# Thread: Help with this problems!asap

1. ## Help with this problems!asap

New here so be nice

How do you find the exact value of these expressions?

sin^2 15(degrees) cot^2 75(degrees) + cos^2 15(degrees) tan^2 75(degrees)

and

1-tan(pi/6)+2csc(pi/3)

Thanks a TONNE

2. I have tryed to solve them the best I could...

Im assuming that the first one is 0 because they are the inverse of eachother.

The second one I got 2.73 by converting tan(pi/6) to sqr3/3 and csc to 2/sqr3, then solving accordingly.

Does this sound correct?

3. Originally Posted by gabrie30

How do you find the exact value of these expressions?

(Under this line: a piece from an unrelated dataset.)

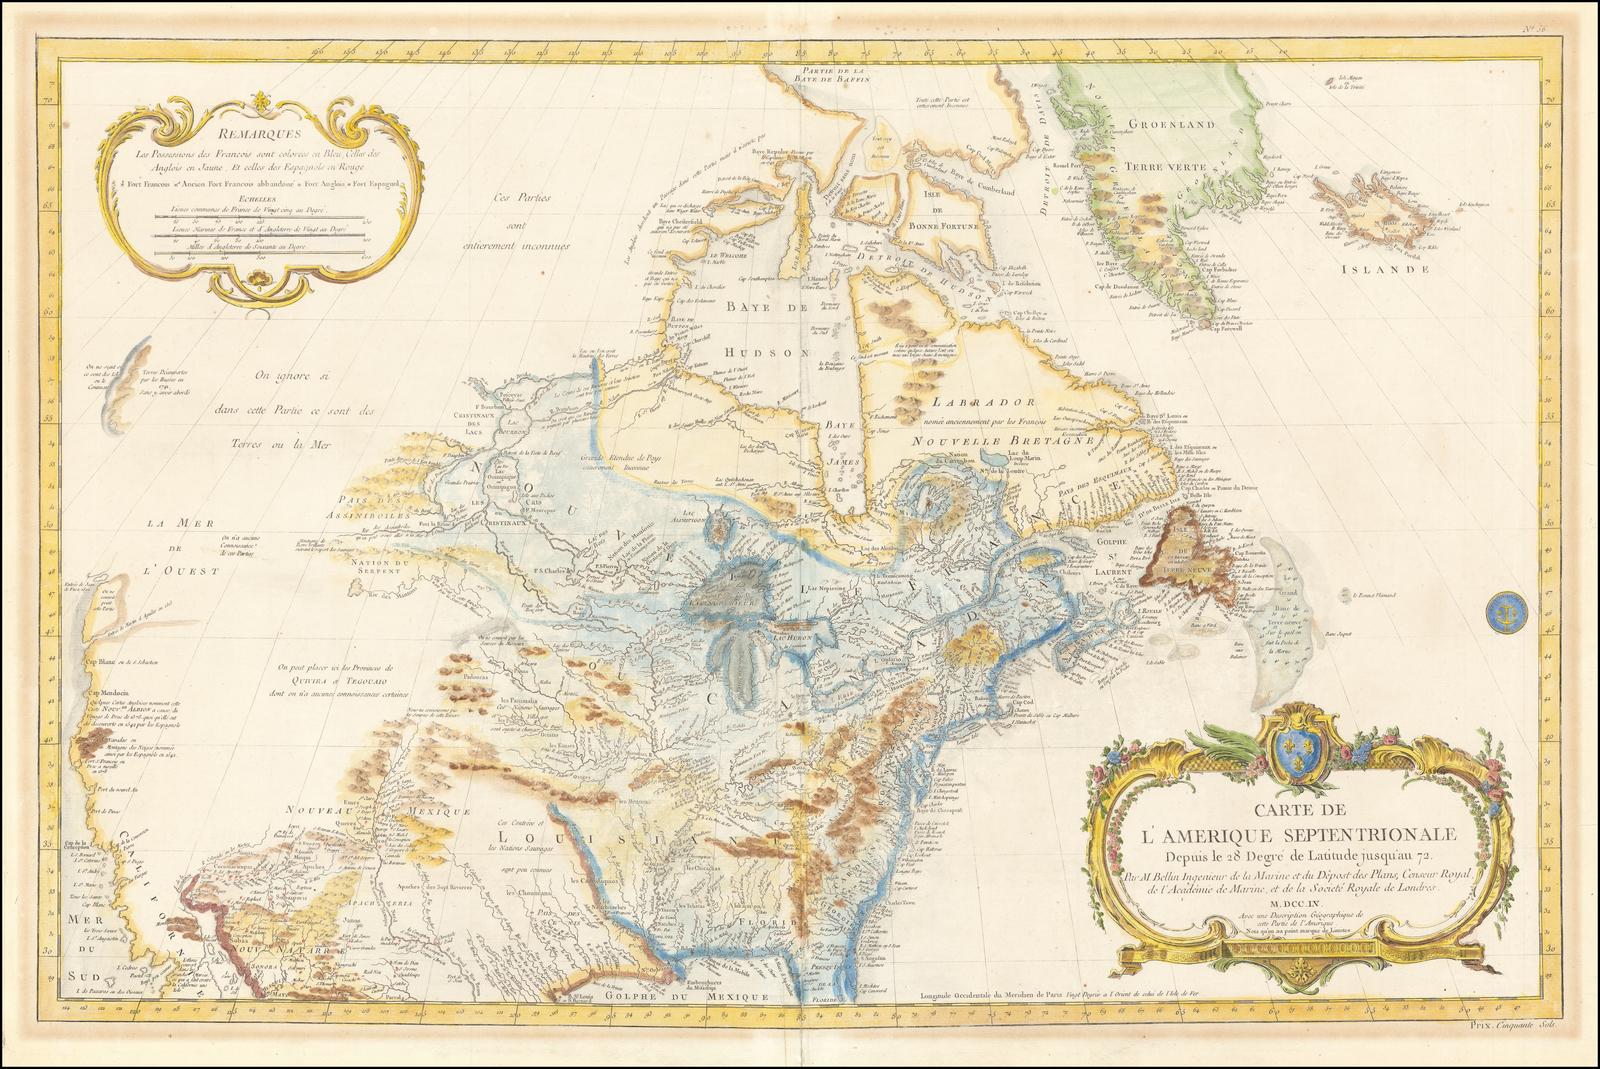 Carte De Lamerique.Carte De L Amerique Septentrionale Depuis To 28 Degre De

sin^2 15(degrees) cot^2 75(degrees) + cos^2 15(degrees) tan^2 75(degrees)
Note that:
$\displaystyle sin(15^{\circ}) = sin(45^{\circ}-30^{\circ})$
$\displaystyle cot(75^{\circ}) = cot (45^{\circ} + 30^{\circ})$

Use the sum-difference formulas to solve them. (i.e. sin(a-b) = sin(a)cos(b)-cos(a)sin(b))

1-tan(pi/6)+2csc(pi/3)
$\displaystyle tan \frac{\pi}{6}$ has exact value $\displaystyle \frac{1}{\sqrt3}$

$\displaystyle cosec \frac{\pi}{3} = \frac{1}{sin \frac{\pi}{3}}\Rightarrow sin\frac{\pi}{3}$ has exact value $\displaystyle \frac{\sqrt3}{2}$

4. Hello, gabrie30!

Welcome aboard!

Find the exact value: .$\displaystyle \sin^2\!15^o\cot^2\!75^o + \cos^2\!15^o \tan^2\!75^o$
Use the Double Angle identities:

. . $\displaystyle \begin{array}{ccccccc}\sin^2\!\theta &=& \dfrac{1-\cos2\theta}{2} & & \cos^2\!\theta &=& \dfrac{1 + \cos2\theta}{2} \\ \\[-3mm] \tan^2\!\theta &=& \dfrac{1-\cos2\theta}{1 + \cos2\theta} & & \cot^2\theta &=& \dfrac{1 + \cos2\theta}{1-\cos2\theta} \end{array}$

We have: .$\displaystyle \frac{1-\cos30^o}{2}\cdot\frac{1 + \cos150^o}{1-\cos150^o} + \frac{1+\cos30^o}{2}\cdot\frac{1 - \cos150^o}{1 + \cos150^o}$

Since $\displaystyle \cos150^o \:=\:\text{-}\cos30^p$, we have: .$\displaystyle \frac{1-\cos30^o}{2}\cdot\frac{1-\cos30^o}{1+\cos30^o} + \frac{1+\cos30^o}{2}\cdot\frac{1+\cos30^o}{1-\cos30^o}$

. . which simplfies to: .$\displaystyle \frac{(1-\cos30^o)^3 + (1+\cos30^o)^3}{2(1-\cos^230^o)} \;=\;\frac{1+3\cos^2\!30^o}{\sin^2\!30^o}$

Therefore, we have: .$\displaystyle \frac{1 + 3\left(\frac{\sqrt{3}}{2}\right)^2}{\left(\frac{1} {2}\right)^2} \;=\;\frac{1 + 3\cdot\frac{3}{4}}{\frac{1}{4}} \;=\;\boxed{13}$

$\displaystyle 1-\tan\left(\frac{\pi}{6}\right) + 2\csc\left(\frac{\pi}{3}\right)$
These are standard angles . . .
We are expected to know that: .$\displaystyle \begin{array}{ccc}\tan\left(\dfrac{\pi}{6}\right) &=& \dfrac{1}{\sqrt{3}} \\ \\[-3mm] \csc\left(\dfrac{\pi}{3}\right) &=&\dfrac{2}{\sqrt{3}} \end{array}$